眼墙上的挂钟已经走到凌晨十二点,桌前的谕杳却还咬着笔头,势必要攻破这道难题。她尝试了几种解法,依然得不出答案,再看一眼补习班留下的作业,还有一多半。

谕杳打算放弃,她扔掉笔脱掉外套,正要上床,卧室的门忽然被人敲响,下一刻门把手剧烈转动起来,然后又是一阵踢门砸门的动静。

谕杳怔住,细想过后认为门外的人除了贺今赋不能是别人,大概是醉了扯酒疯。

谕杳知道她不开门贺今赋会一直敲,扰的她不得安宁。她妥协般走过去开门。

风夹杂着酒气钻进室内。

贺今赋靠着门框,他带着鸭舌帽,黑色的,白蜘蛛的图案盘在上面。

白色的卫衣帽子。黑色的棒球服,黑色占了全部,袖子上有红色的绣样,背部是加黑的图样,黑8,是一个地球的模样。尾部收起,红色加暗黄色的搭配。

他骨节分明的指尖带着指环,纯银,上面刻着“god”,上帝的意思。

对于男人来说,最吸引人的是他脚上价值不菲的绝版名鞋。

对于女人来说,那张脸是求之不得的。

他眉向上扬,无不在透露心中的戾气,一双凤丹眼裹挟住太多情绪让人难测。左眼下面一颗痣,英挺的鼻梁,薄唇,脖子上露出的纹身。

谕杳问:“你有什么事?”

贺今赋抬起头,眼神迷离,“你妈勾引人那一套,你会吗?”

狗嘴里吐不出象牙。

谕杳在心底骂了句粗话,伸手推贺今赋,“滚。”

贺今赋神智不清,也控制不好身体,轻轻一掌就让他向后跌去,他背撞上坚硬的墙壁,很疼。他闷哼一声,强撑着挺直腰。

谕杳不愿和贺今赋过多纠缠,她刚准备摔门,就见贺今赋身子后仰猛地倒了下去。

谕杳有一瞬的不知所措,脑海里也冒出了就让他这样待在这的想法,但最终,理智战胜私心,她敲响了主卧的门。

贺立山嘴上总是叫嚷着不会管贺今赋,今晚也一样,到卧室就开始细数贺今赋这些年的各种叛逆,可听见贺今赋晕倒,父爱的本能还是驱使着他连鞋都没穿就跑到走廊上去背贺今赋。

林非爱也跟着急,她先让谕杳去拿两件厚外套,然后拨打120。

看着所有人都在担心贺今赋,谕杳心中不好受。

她不期望贺立山把她视为己出的对待,只希望林非爱能给予她一丝偏爱。

谁知就算贺今赋那样的不给林非爱面子,林非爱还是把他当作亲生骨肉的对待。甚至是要求谕杳纵容贺今赋的所作所为。

救护车在宅子前面停下,林非爱和贺立山都跟着去了医院,剩谕杳一个人,此时,她胳胳膊上挂着两件外套。

回到房间,谕杳了无困意,她拉开已经推进桌下的椅子,重新坐上去,按开台灯,拿起笔,翻开练习册。

凌晨两点,睡意席卷而来,谕杳打了个哈欠起身关掉房间里的灯,她刚掀开被子准备入睡,床头上放着的手机忽然响了。

来电人是林非爱。

“杳杳,明天中午你能来医院给今赋送饭吗,你叔叔要出差,我得去上班。
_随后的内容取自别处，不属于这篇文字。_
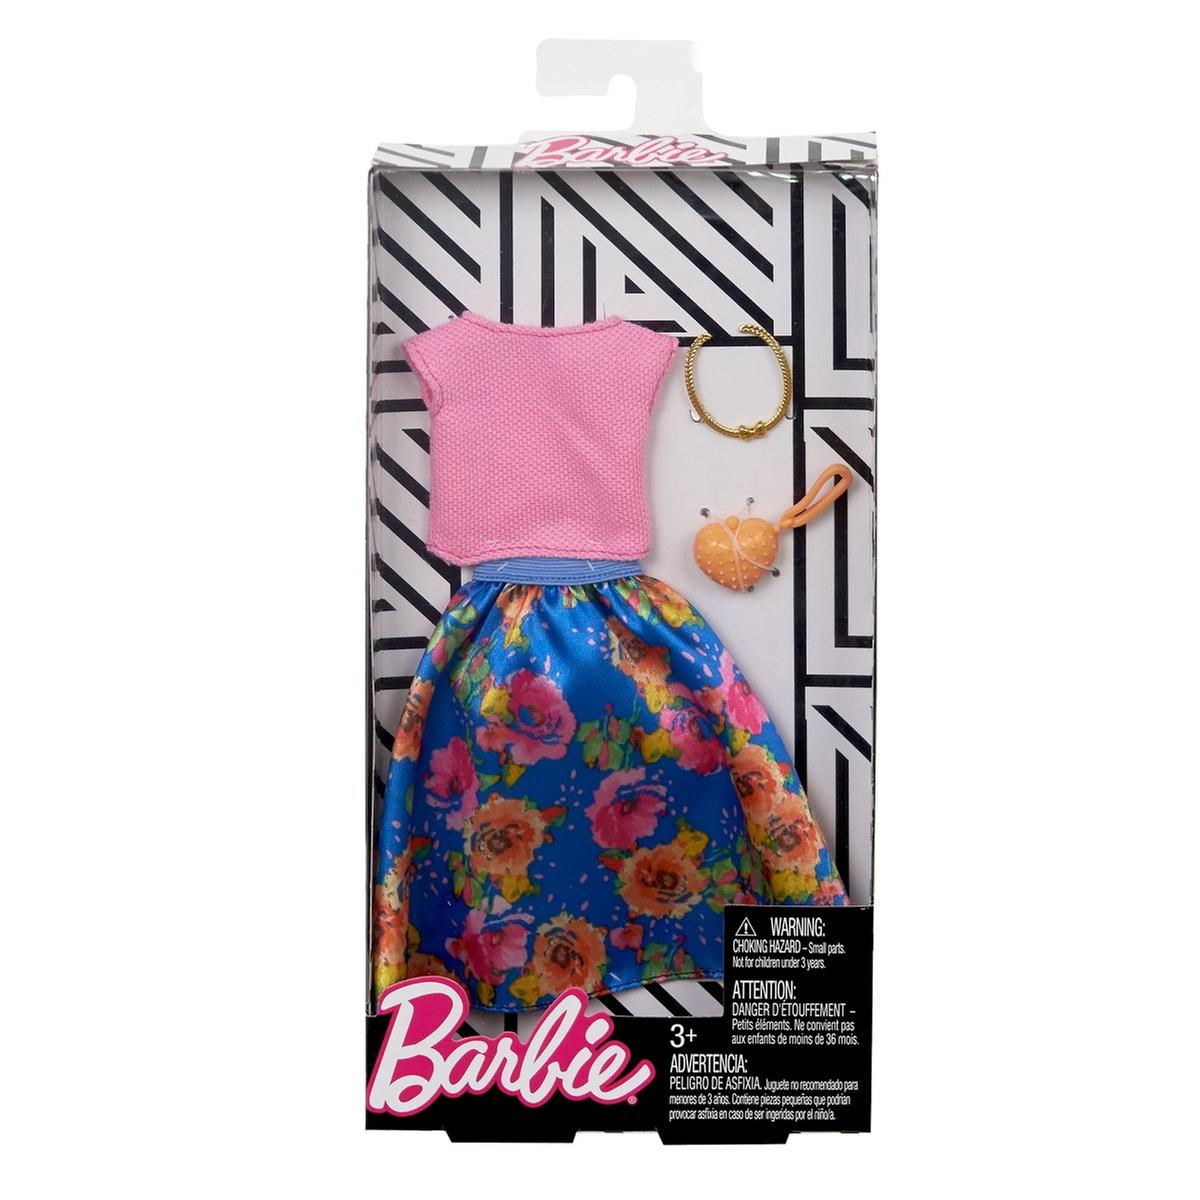 Barbie - Roupa e Complementos Fashionista (vários modelos) | Roupa | Loja  de brinquedos e videojogos Online Toysrus

”她说话声音很小,害怕吵醒病床上的人。

谕杳没有拒绝的理由,刚好她明天补习班没有课。她闷闷不乐的应下这个差事。

林非爱还没有挂断电话,她支支吾吾了一会,有些无奈的提出第二个要求,“你去了多陪陪今赋,跟今赋说句对不起,或者嘱咐他照顾好身体。”总之就是得想尽千方百计拉近关系。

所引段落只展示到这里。